(326e) Accelerating Bioprocess Simulations: A Compartment Modeling Framework Developed Using Axisymmetric CFD for Industrial Fermenters

Large-scale fermentation processes often exhibit significant spatial heterogeneities in substrate concentrations, dissolved oxygen (DO) levels, and product distributions due to insufficient mixing. These gradients can adversely affect microbial performance, process yield, and product quality, especially in aerobic fed-batch operations, where fermenter volumes dynamically change over the course of fermentation [1,2]. While computational fluid dynamics (CFD) offers detailed insights into the mixing behavior and oxygen transfer characteristics within fermenters, the substantial computational resources required for CFD limit its utility for continuous, real-time evaluation and control of large-scale industrial processes.

To overcome these computational limitations, we have developed a compartment modeling (CM) framework that integrates transient hydrodynamic data obtained from axisymmetric CFD simulations. The axisymmetric CFD model leverages the inherent cylindrical symmetry commonly present in industrial fermenters, significantly reducing computational demand without compromising the accuracy of the hydrodynamic predictions [3]. This approach captures essential axial and radial flow features, including turbulence intensity, velocity fields, and flow topology, essential for accurate compartmentalization. The developed CM framework explicitly addresses the transient nature of hydrodynamics in industrial fed-batch fermentations.
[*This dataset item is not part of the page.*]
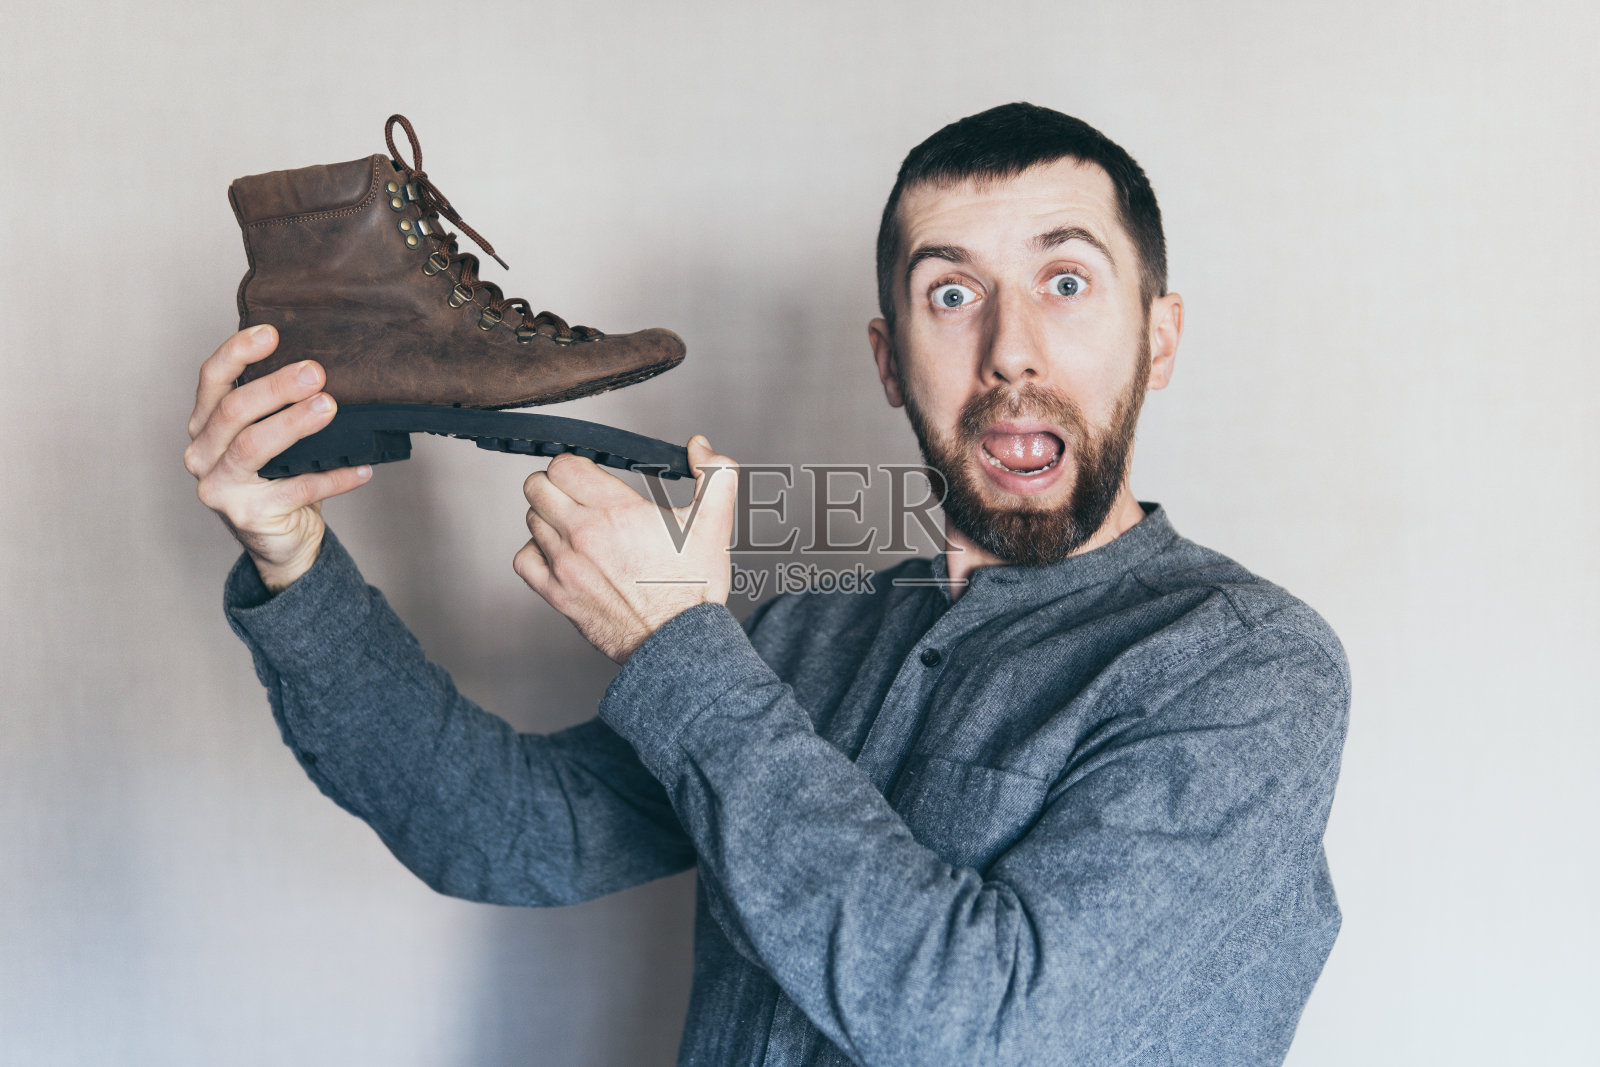 一个人拿着一只鞋底破了的旧皮靴，脸上露出惊讶和震惊的表情照片摄影图片
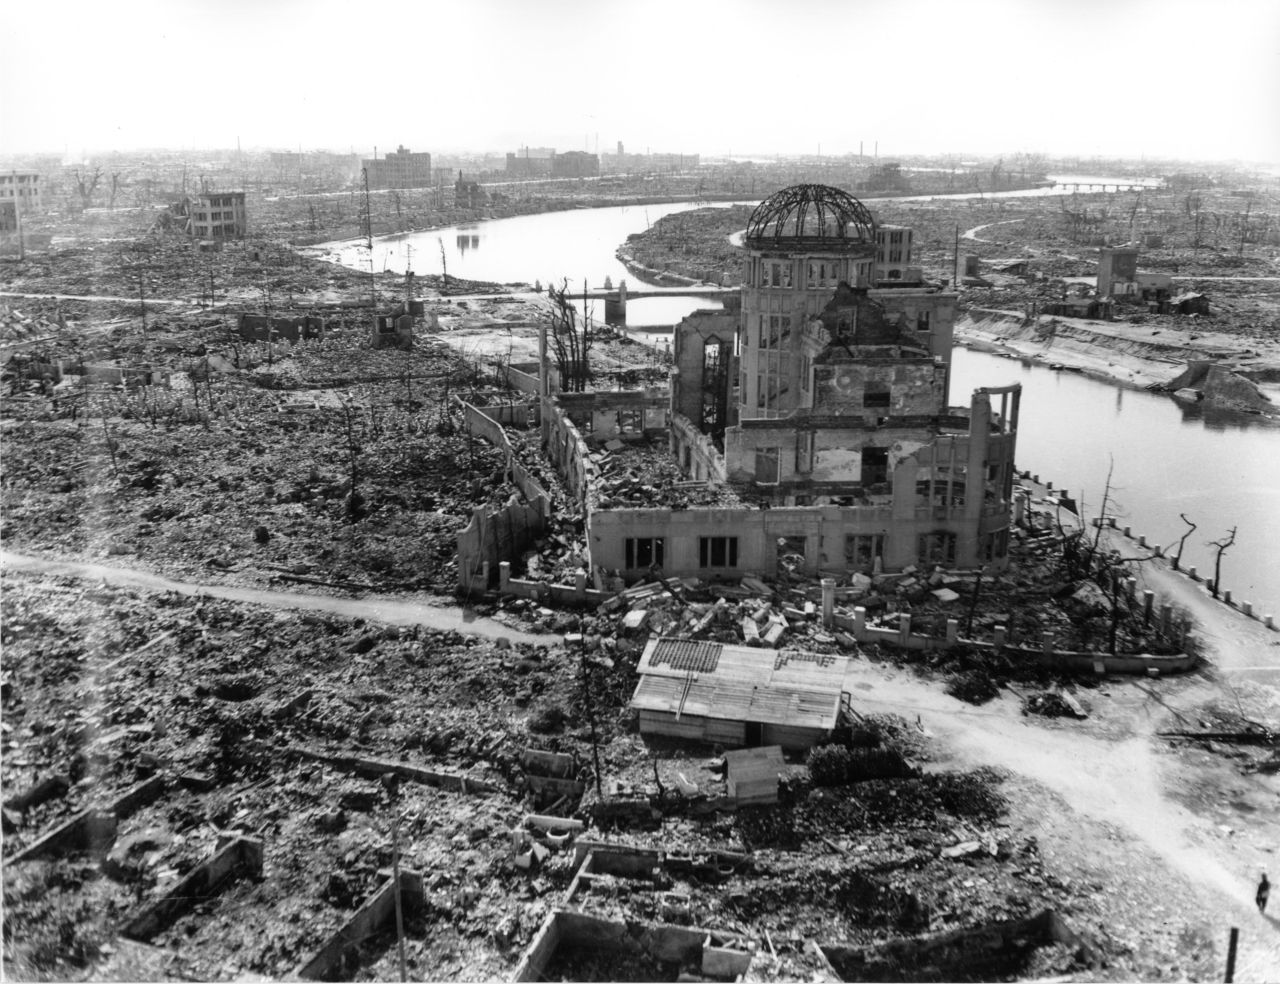 Les ruines du Hall de promotion industrielle de Hiroshima, qui deviendra un symbole de la tragédie sous le nom de « Dôme de la bombe atomique ». Photo prise par l’armée américaine en novembre 1945 (photo avec l’aimable autorisation du Musée du mémorial pour la paix)

It dynamically accounts for volume changes and incorporates variations in dissolved oxygen throughout the process duration, providing accurate spatiotemporal predictions of biomass growth, substrate consumption, product formation, and oxygen distribution [4]. Using velocity profiles and turbulent kinetic energy data from CFD, we systematically divided the fermenter into ideally mixed compartments, establishing flow connections based on mass transport principles and ensuring robust model convergence [5].

This methodology enables rapid simulation of concentration gradients and localized mixing inefficiencies, significantly outperforming traditional CFD in terms of computational efficiency, approximately 500 times faster while retaining critical hydrodynamic fidelity. Validation against experimental data from a 525 kL industrial fermenter demonstrated the model's capability to accurately predict spatial heterogeneities in biomass, substrates, and product concentrations, alongside dissolved oxygen profiles. By providing real-time insights into areas experiencing oxygen limitation or suboptimal mixing conditions, the CM offers valuable guidance for process optimization strategies, including impeller positioning, aeration control, and substrate feeding schedules. Consequently, this compartment modeling framework stands as a powerful, scalable tool for real-time decision-making, facilitating enhanced productivity, improved product quality, and more consistent outcomes in large-scale bioprocessing operations.

References:

1. Delafosse, A., Collignon, M. L., Calvo, S., Delvigne, F., Crine, M., Thonart, P., & Toye, D. (2014). CFD-based compartment model for description of mixing in bioreactors. Chemical Engineering Science, 106, 76-85.
2. Nadal-Rey, G., McClure, D. D., Kavanagh, J. M., Cassells, B., Cornelissen, S., Fletcher, D. F., & Gernaey, K. V. (2021). Development of dynamic compartment models for industrial aerobic fed-batch fermentation processes. Chemical Engineering Journal, 420, 130402.
3. de León, H. M., Straathof, A., & Haringa, C. (2025). Dynamic compartment models: Towards a rapid modeling approach for fed-batch fermentations. Chemical Engineering Science, 308, 121396.
4. Shah, P., Sheriff, M. Z., Bangi, M. S. F., Kravaris, C., Kwon, J. S. I., Botre, C., & Hirota, J. (2022). Deep neural network-based hybrid modeling and experimental validation for an industry-scale fermentation process: Identification of time-varying dependencies among parameters. Chemical Engineering Journal, 135643.
5. Bisgaard, J., Zahn, J. A., Tajsoleiman, T., Rasmussen, T., Huusom, J. K., & Gernaey, K. V. (2022). Data-based dynamic compartment model: Modeling of E. coli fed-batch fermentation in a 600 m3 bubble column. Journal of Industrial Microbiology and Biotechnology, 49(5), kuac021.